--- Raw data ---
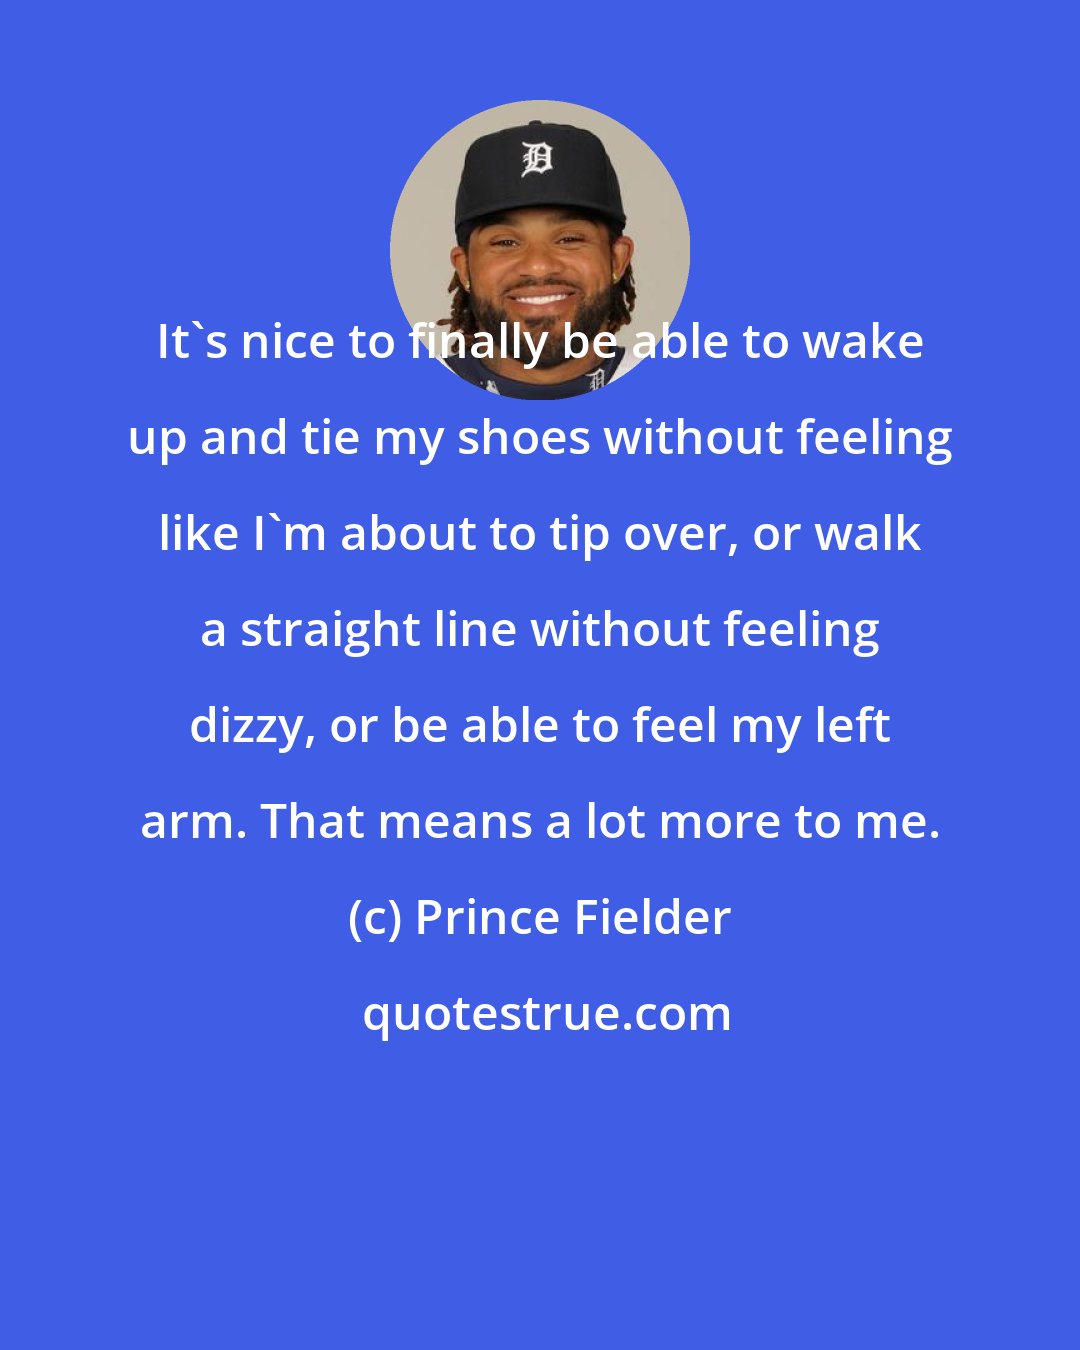 Prince Fielder: It's nice to finally be able to wake up and tie my shoes without feeling like I'm about to tip over, or walk a straight line without feeling dizzy, or be able to feel my left arm. That means a lot more to me.
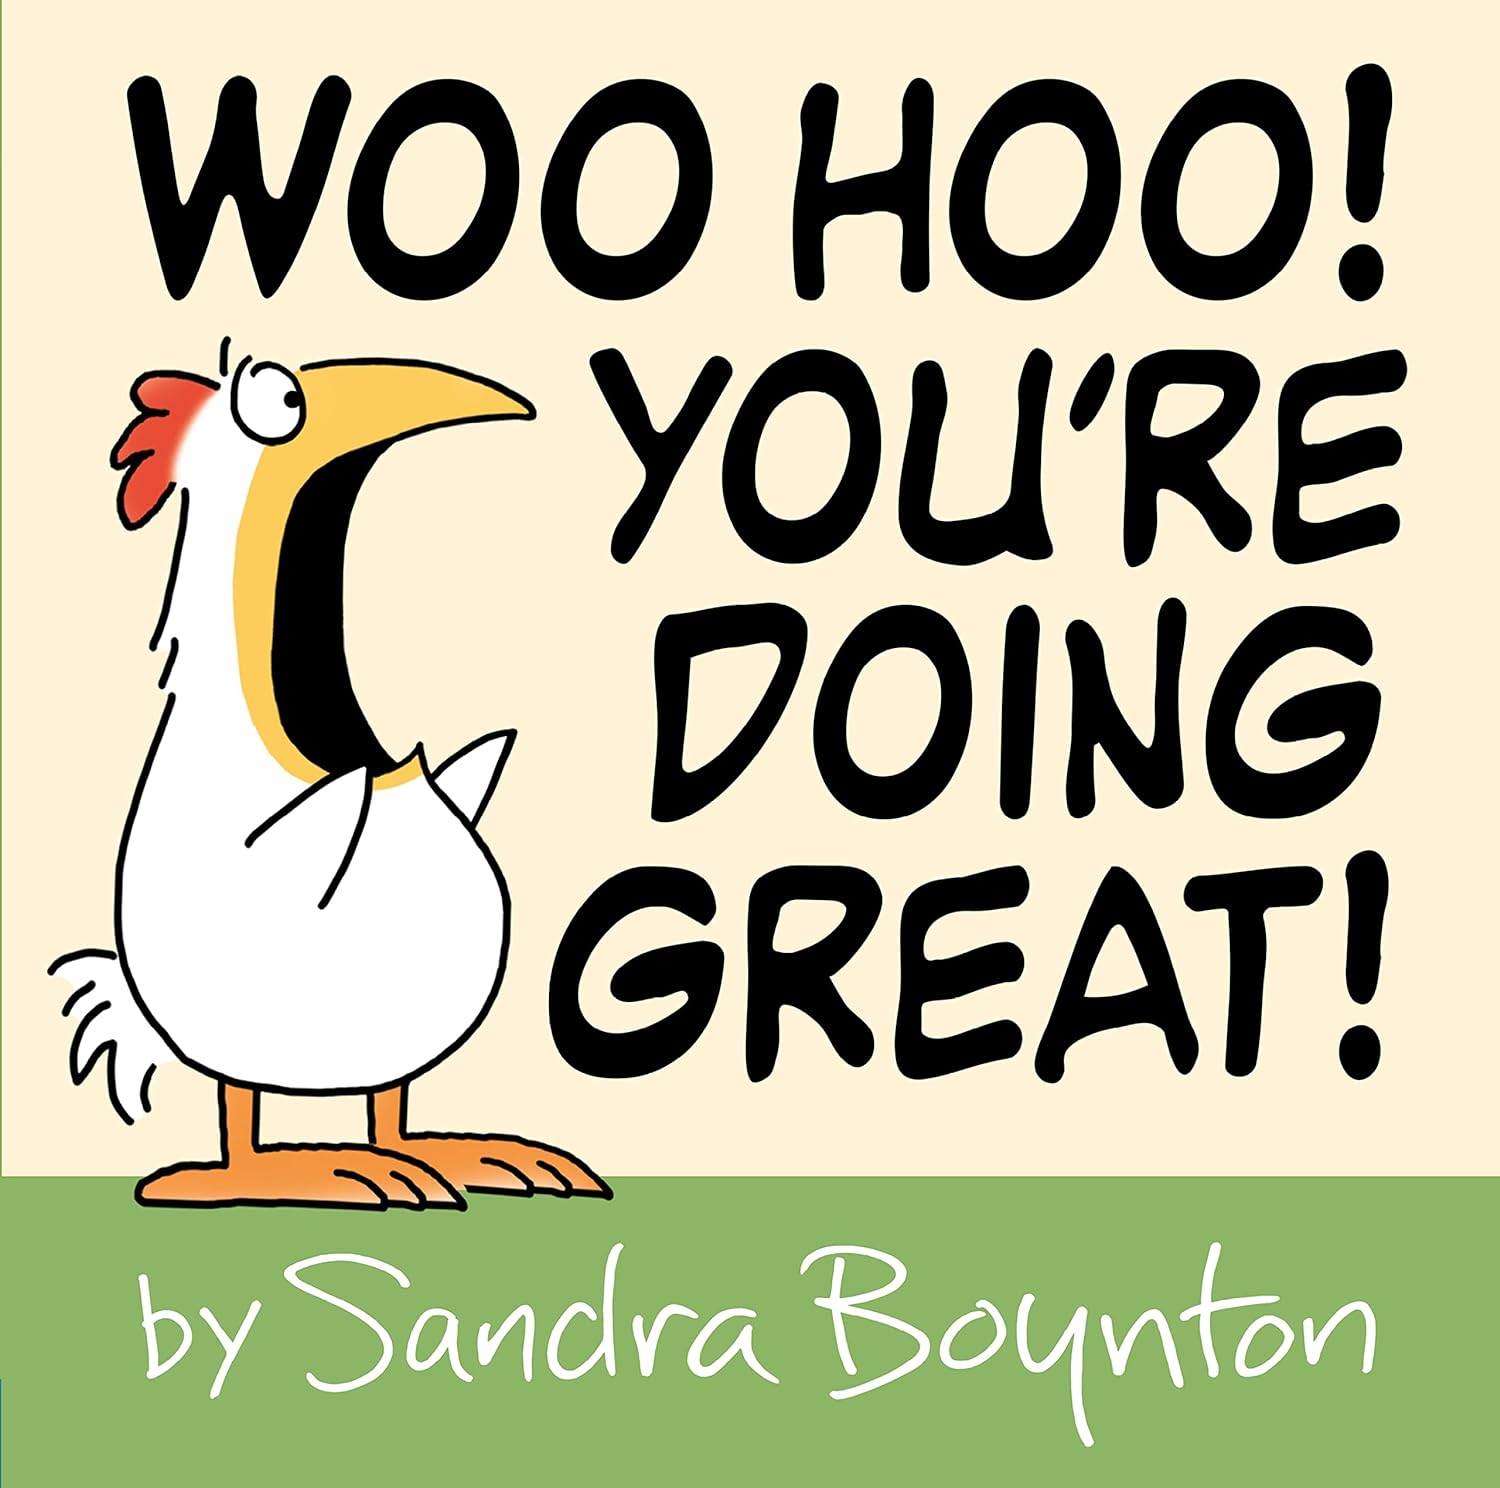 Image for "Woo Hoo! You're Doing Great!"
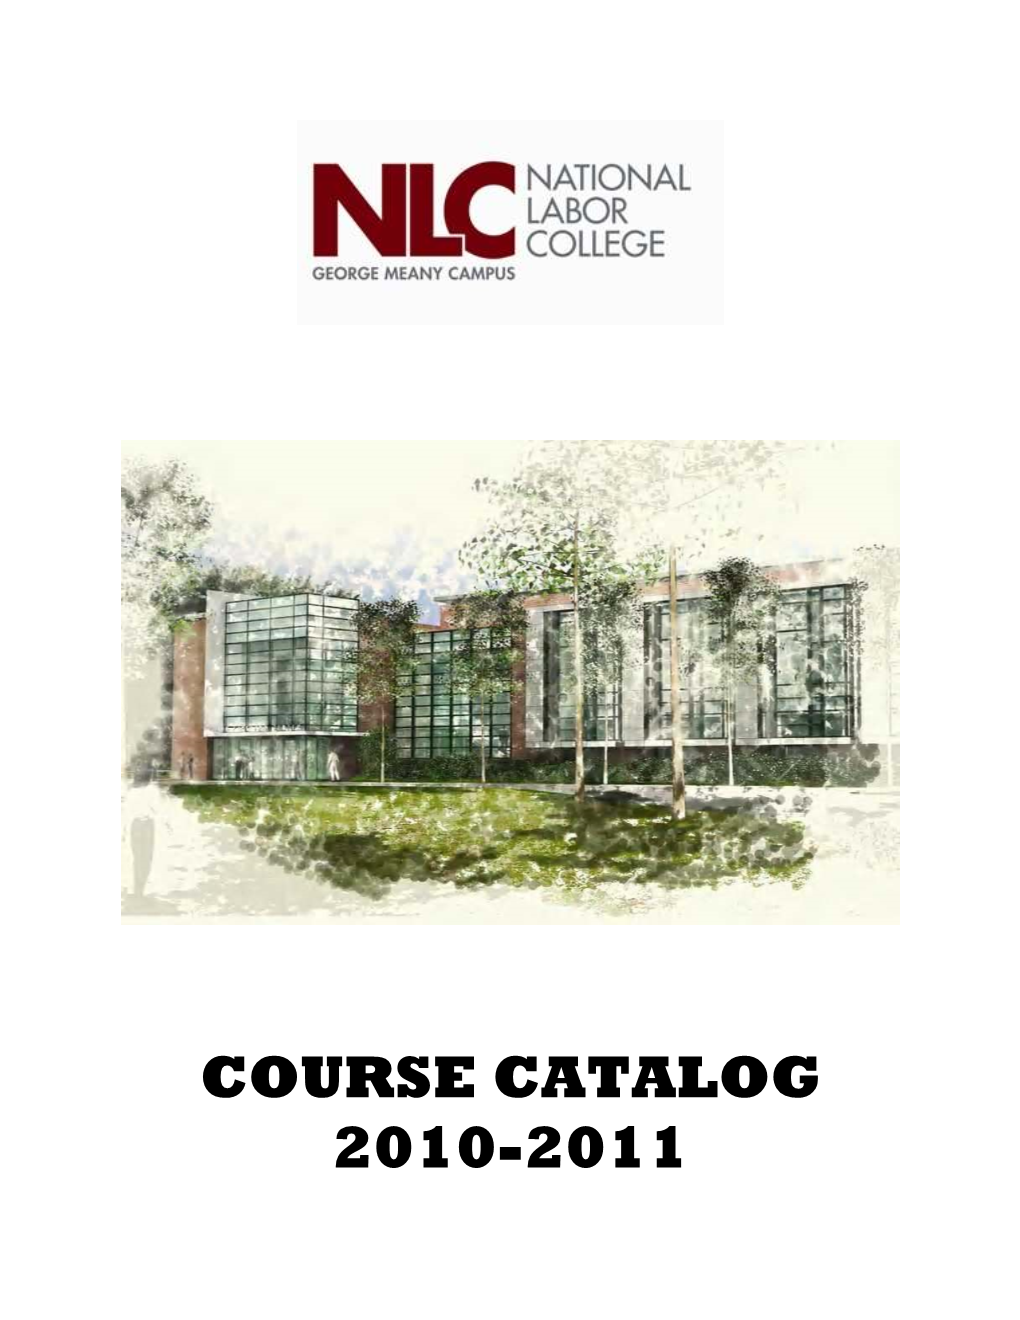 Course Catalog 2010-2011 Table of Contents
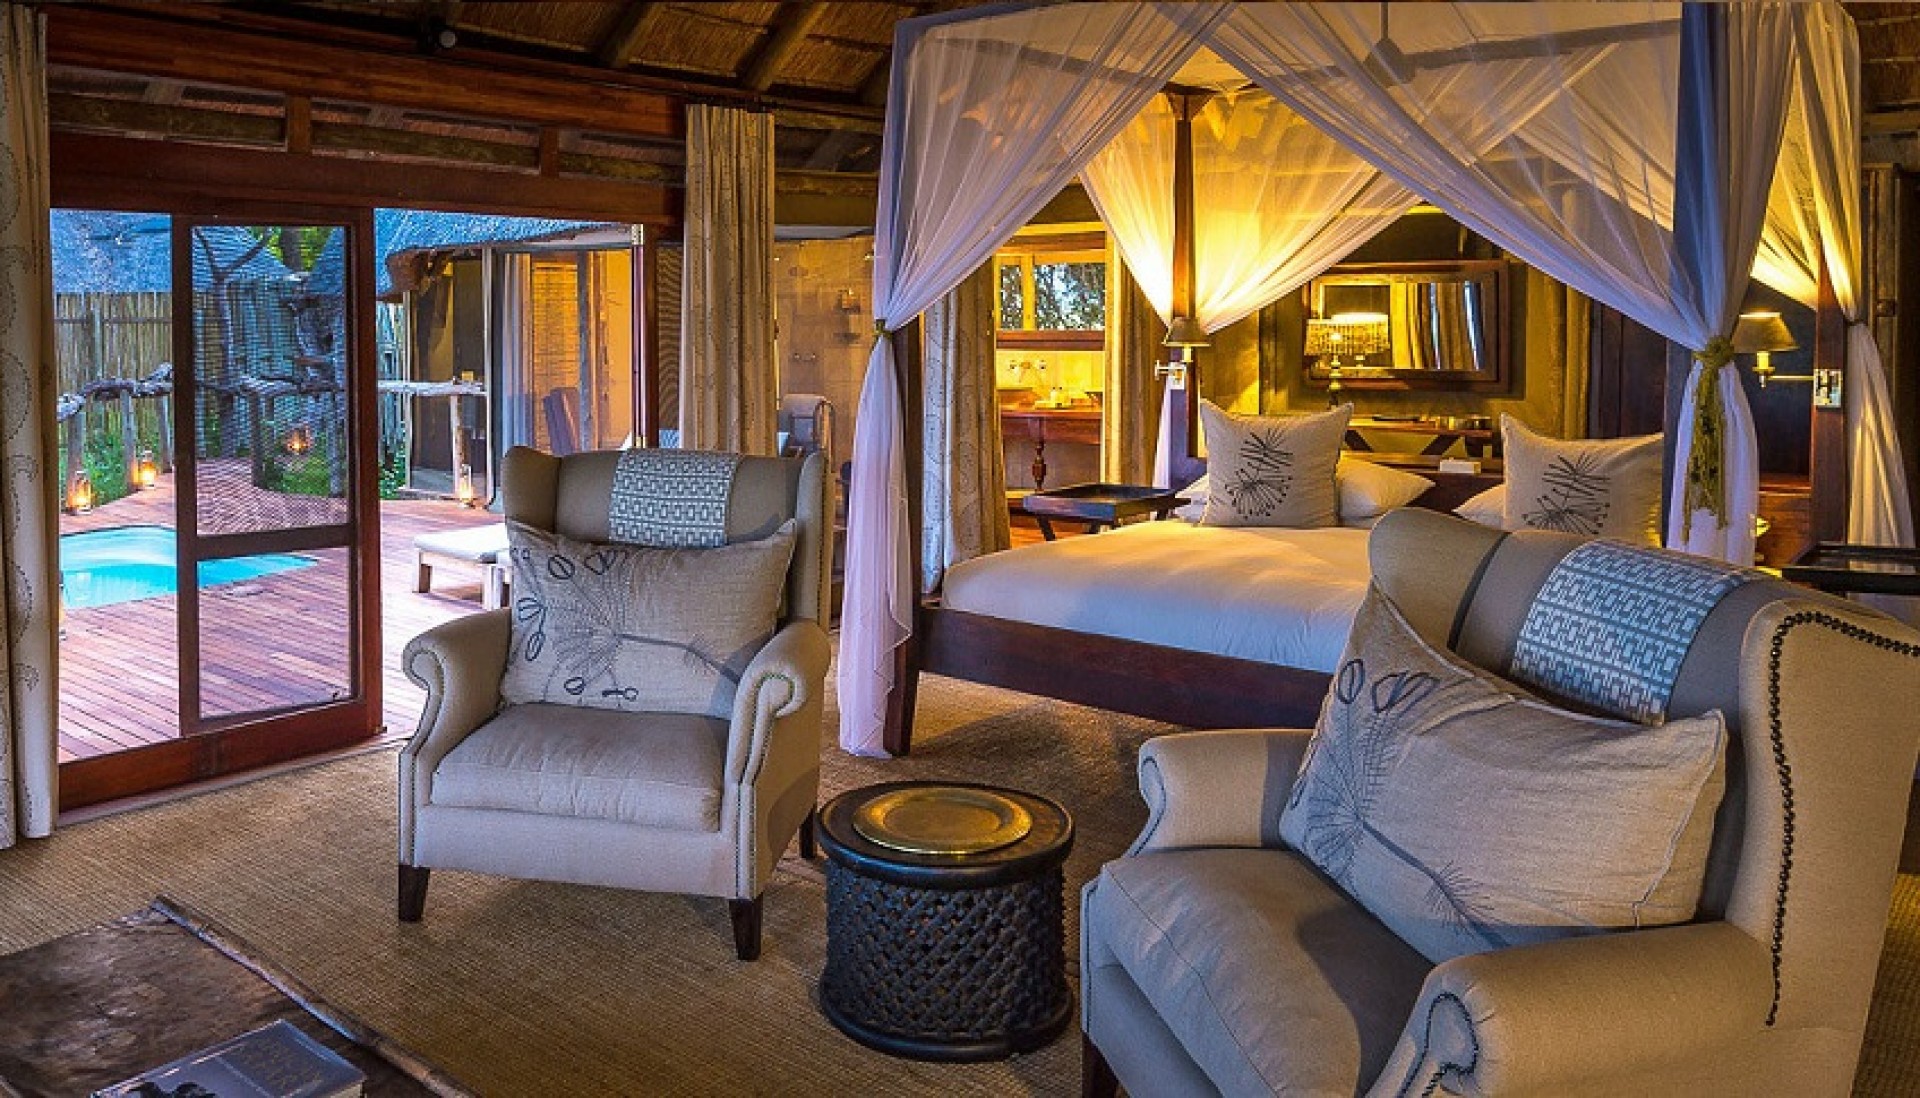 Top 10 luxury safari lodges and camps

--- How to complete this task ---
Start at the first line and set down all of the data exactly, passing over the pictures.

--- Completed task ---
 Prince Fielder: It's nice to finally be able to wake up and tie my shoes without feeling like I'm about to tip over, or walk a straight line without feeling dizzy, or be able to feel my left arm. That means a lot more to me.
 Image for "Woo Hoo! You're Doing Great!"
 Course Catalog 2010-2011 Table of Contents
 Top 10 luxury safari lodges and camps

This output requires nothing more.